As you’d expect of an entrepreneur who made his fortune starting on the shop floor, Mike believes in the power of traditional face-to-face sales. He shares some juicy details on the techniques he used at Dreams:
“We’d focus on the initial customer-salesperson ritual,” he says. “When customers walk into a shop, they generally want to be left alone. But the salesperson has to get in on the act, so says, ‘Can I help you?’ To which the same reply always comes back: ‘It’s OK, I’m just looking.’
“That opening salvo – the ‘can-I-help-you-no-thanks’ interchange – is a ritual, like monkeys scratching each other. Once it’s over, you can get on with selling. So, I told our salespeople to politely and subtly ignore customers’ requests to be left alone. I suggested they carry on the exchange by saying something like: ‘OK, please take your time. The bunk beds are over there and the divans are there. By the way, what sort of bed do you sleep on at the moment?’
“That gets the ball rolling, but the real action is in the closing. We used to practise many different ‘closes’.
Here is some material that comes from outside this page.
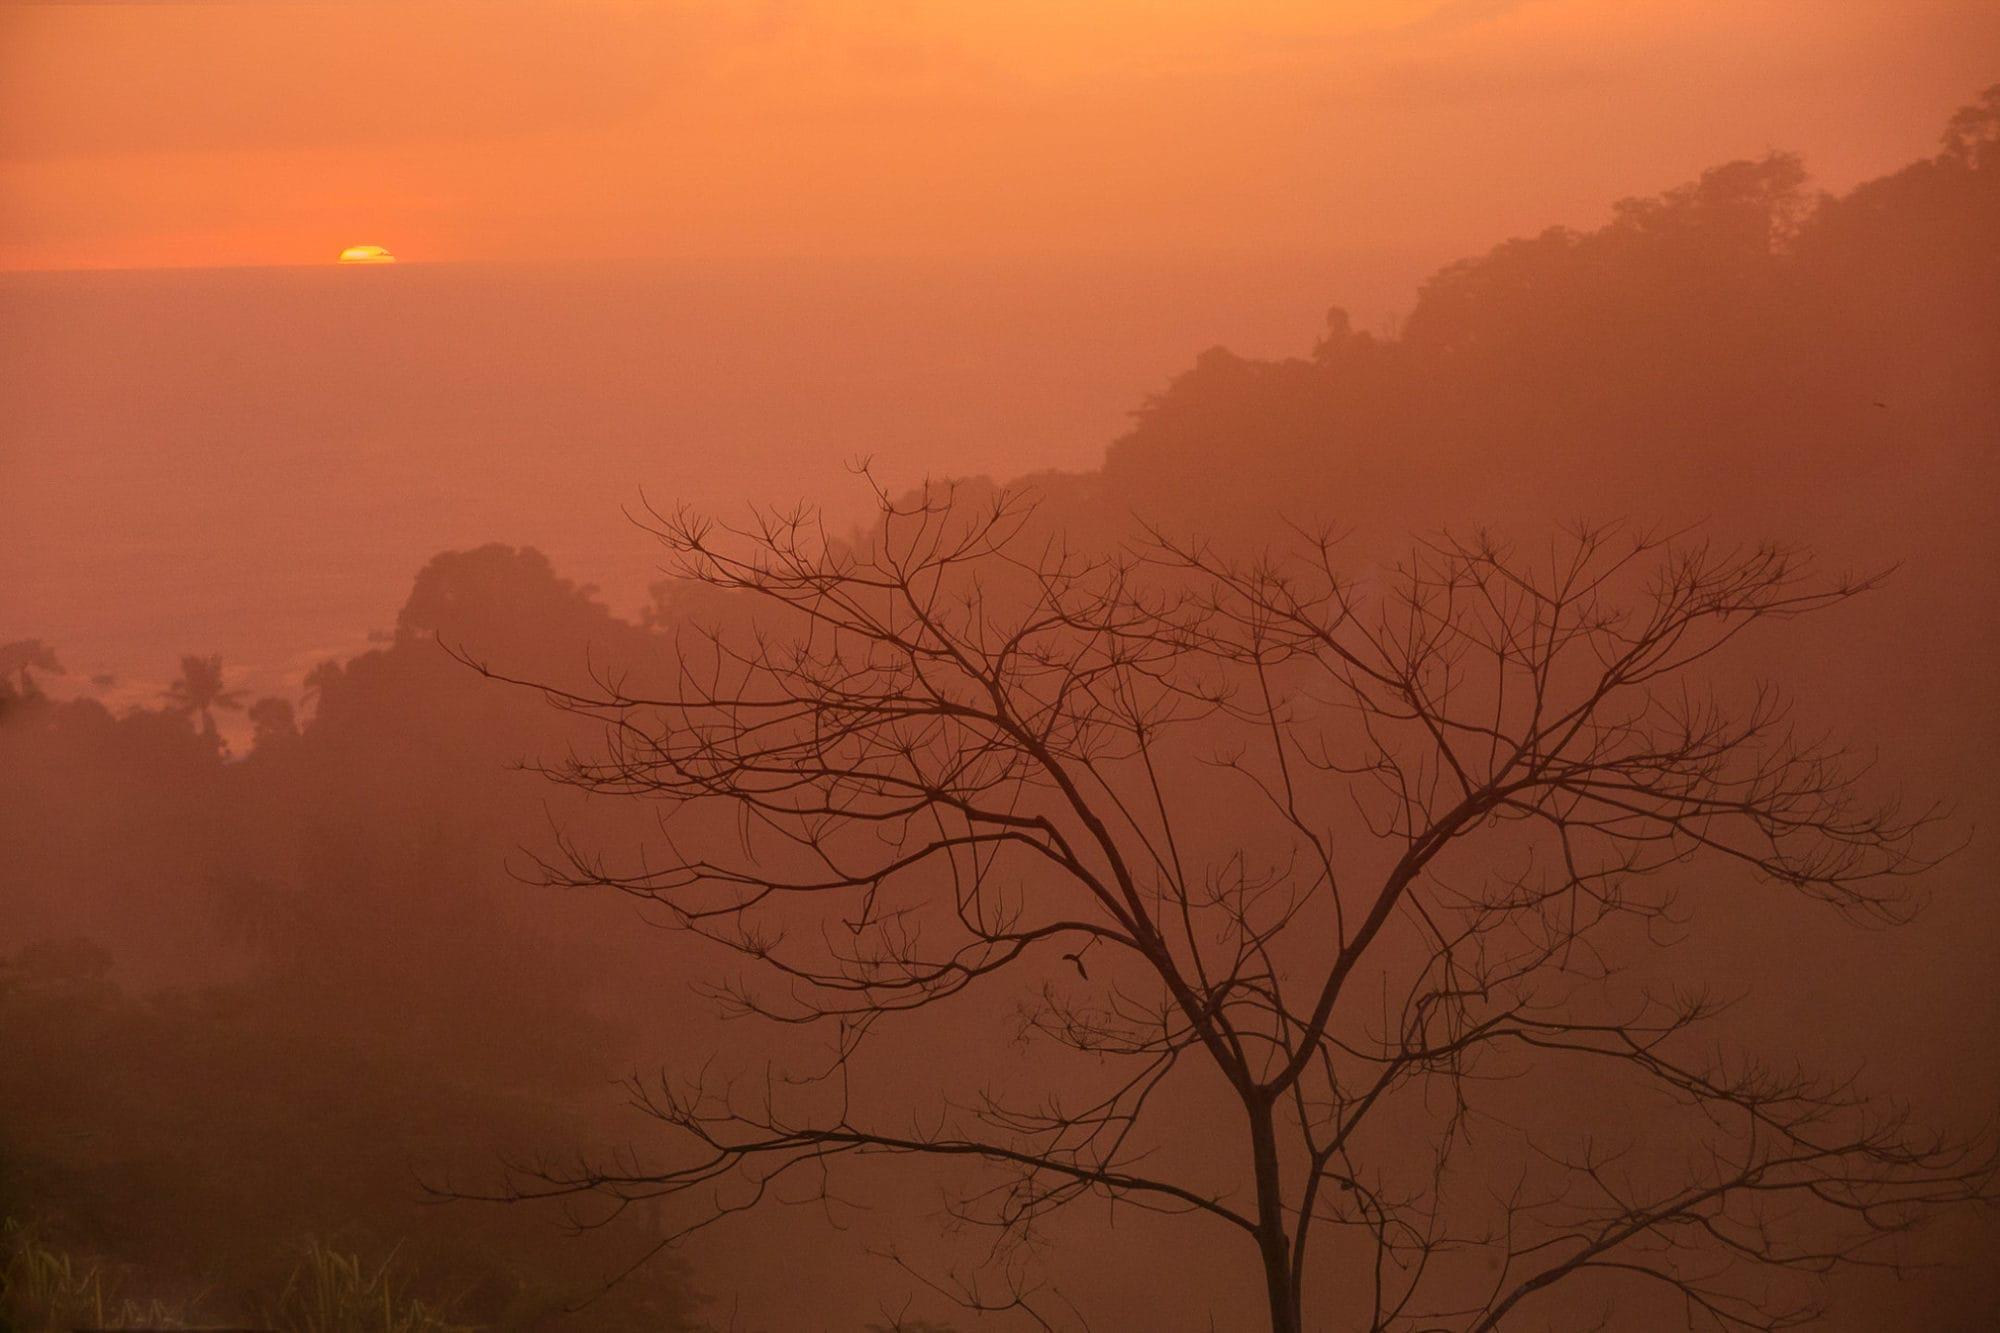 Sunset in Rainy Season in Costa Rica

“In the ‘alternative close’, you’d ask if they wanted the red or the blue headboard, or the luxury or basic mattress, and then get them to buy the bed.
“The ‘fear close’ would mean you saying something like, ‘We’ve only got two left in stock’. Or, ‘The sale ends today.’
“For the ‘silent close’ you say nothing and wait for the customer to fill the gap.
“And in the classic ‘assumptive close’ you plough on regardless, moving to take their name and address to make the customer feel they’d already committed.
“There are many more, but you get the idea!”
FEBE concludes…
Speaking to Mike Clare provides a real shot in the arm. His positivity, energy and sense of fun offer a welcome break from the relentless gloom of COVID-19. Moreover, his message – that despite the undoubted pain of this pandemic, many golden business opportunities lie around the corner waiting to be discovered – is absolutely spot on. Now is the perfect time to absorb some of Mike’s buoyancy and, as the man himself says, start to plan for a new world. What are you waiting for?